TO DO:
All lines from the one bearing "Lesungen aus den" through the end of the data below must be printed exactly as they stand, with pictures removed.

INPUT DATA:
════════════════════
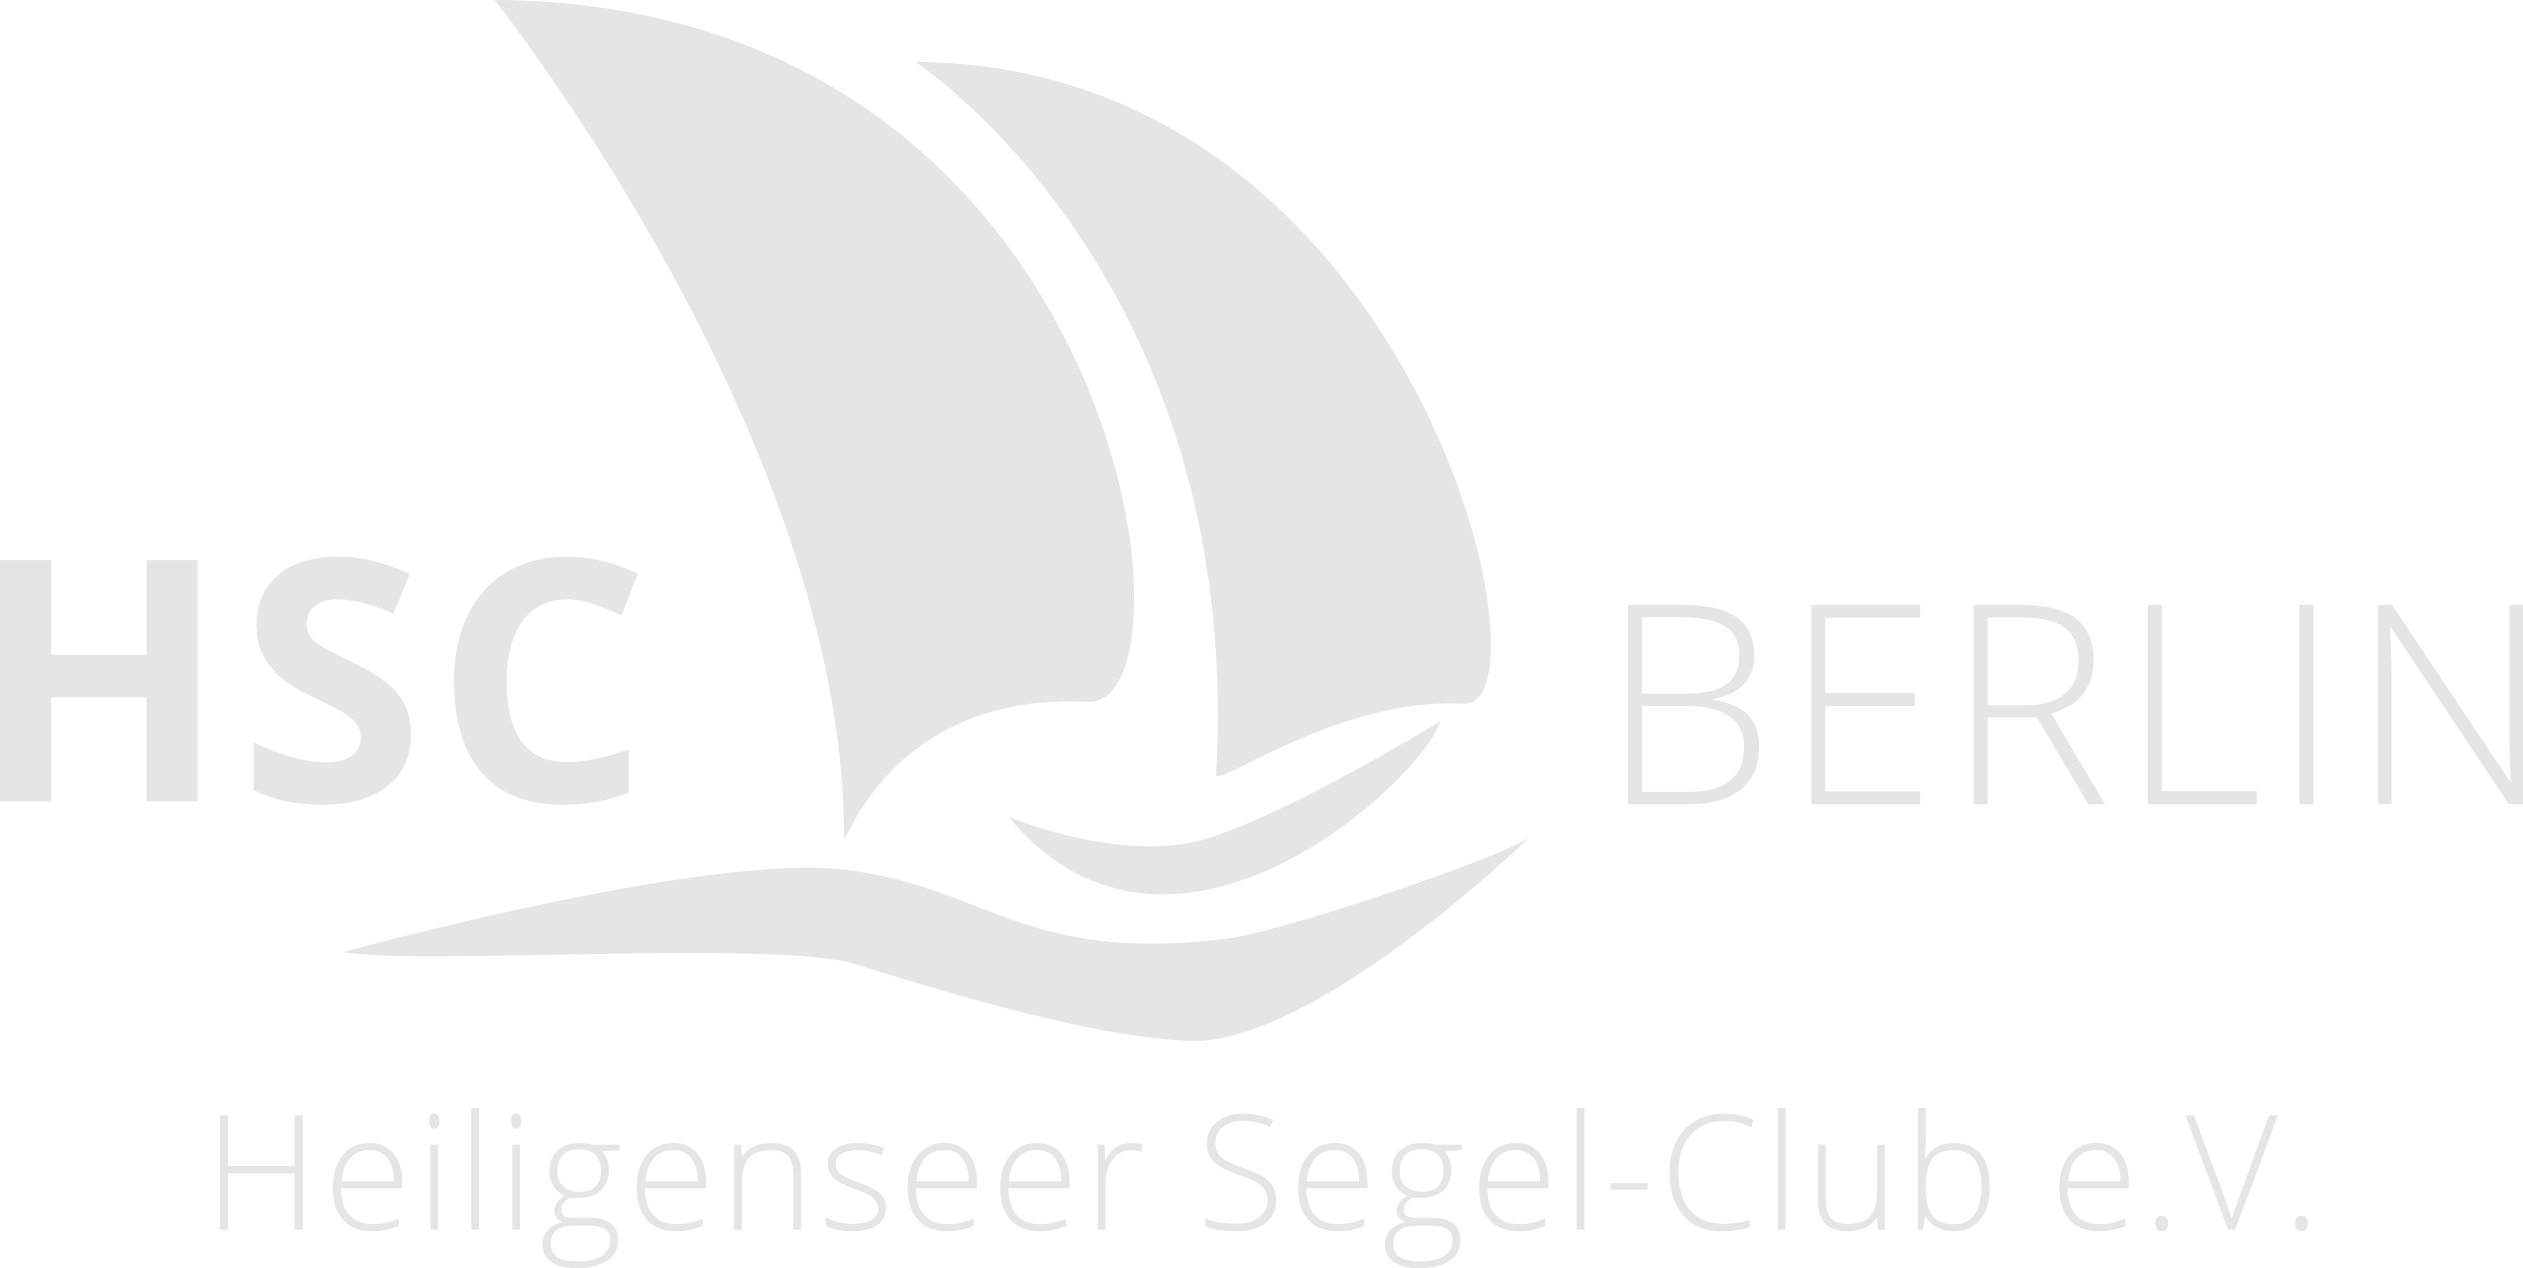 Heiligenseer Segel-Club e.V.
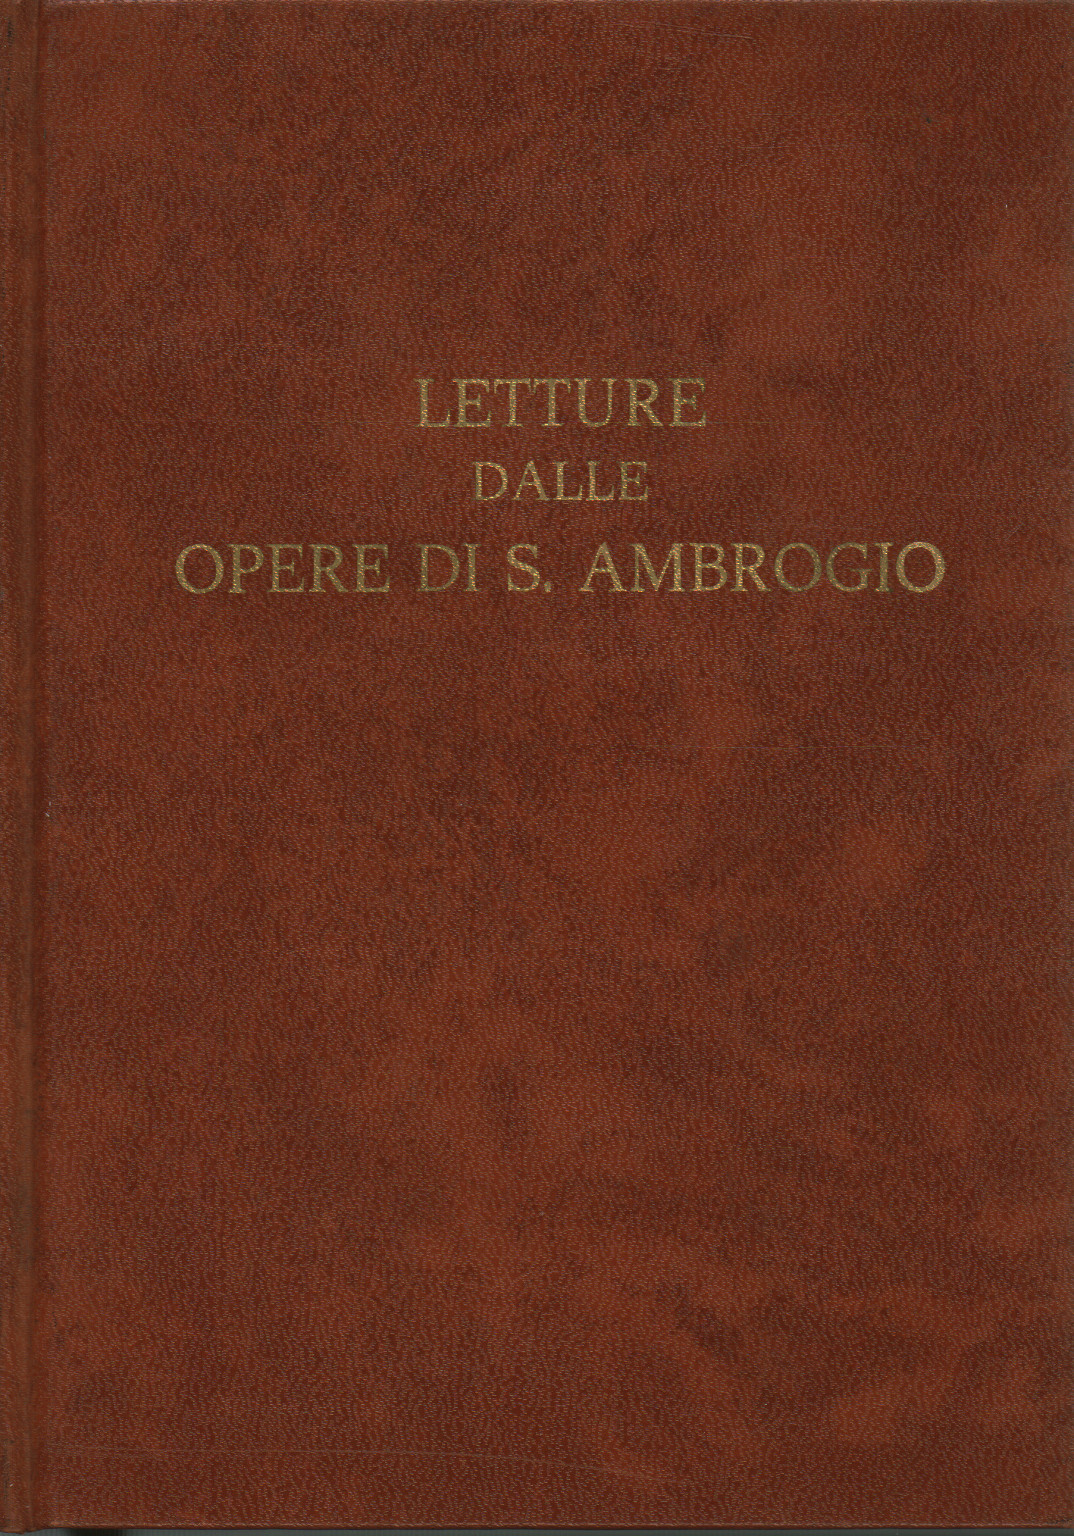 Lesungen aus den Werken von S. Ambrogio, s.zu.
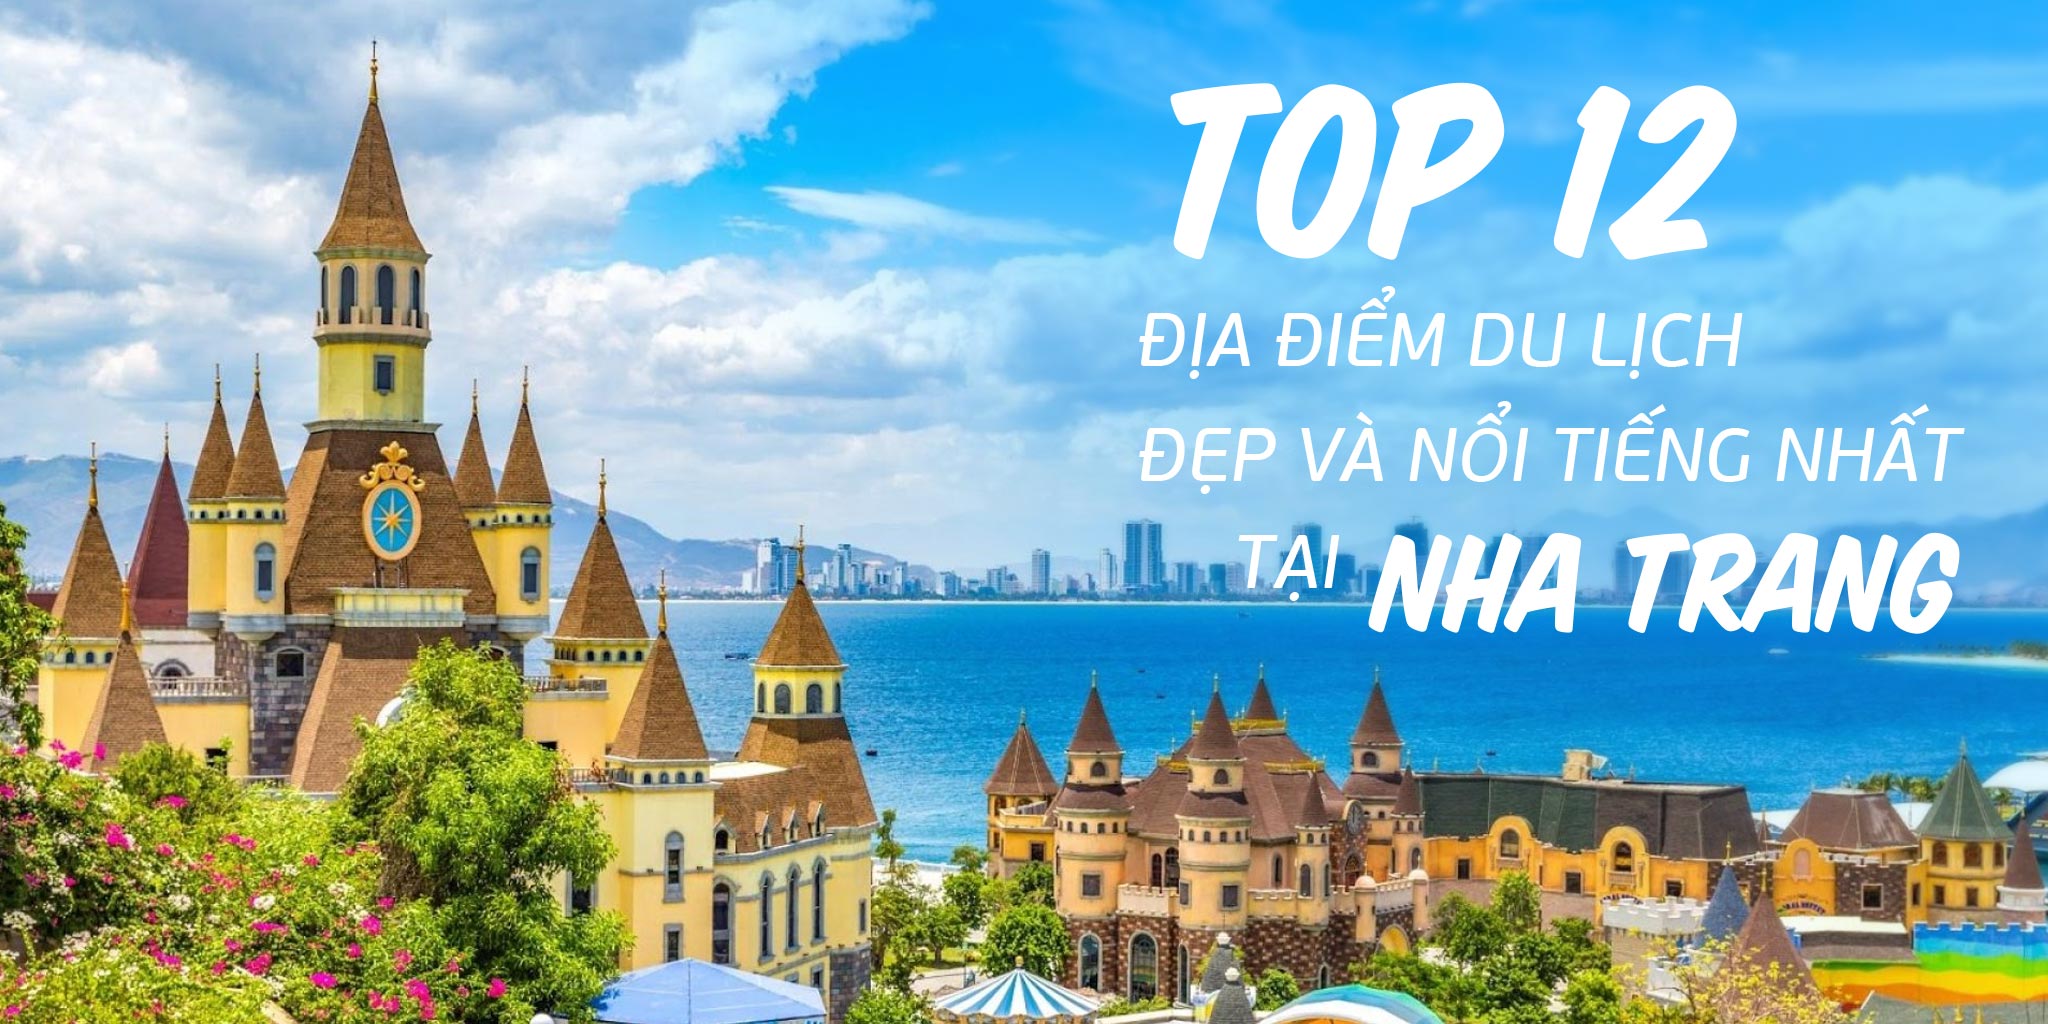 Top 12 địa điểm du lịch đẹp và nổi tiếng nhất Nha Trang
════════════════════
ANSWER TO THE EXERCISE:
 Lesungen aus den Werken von S. Ambrogio, s.zu.
 Top 12 địa điểm du lịch đẹp và nổi tiếng nhất Nha Trang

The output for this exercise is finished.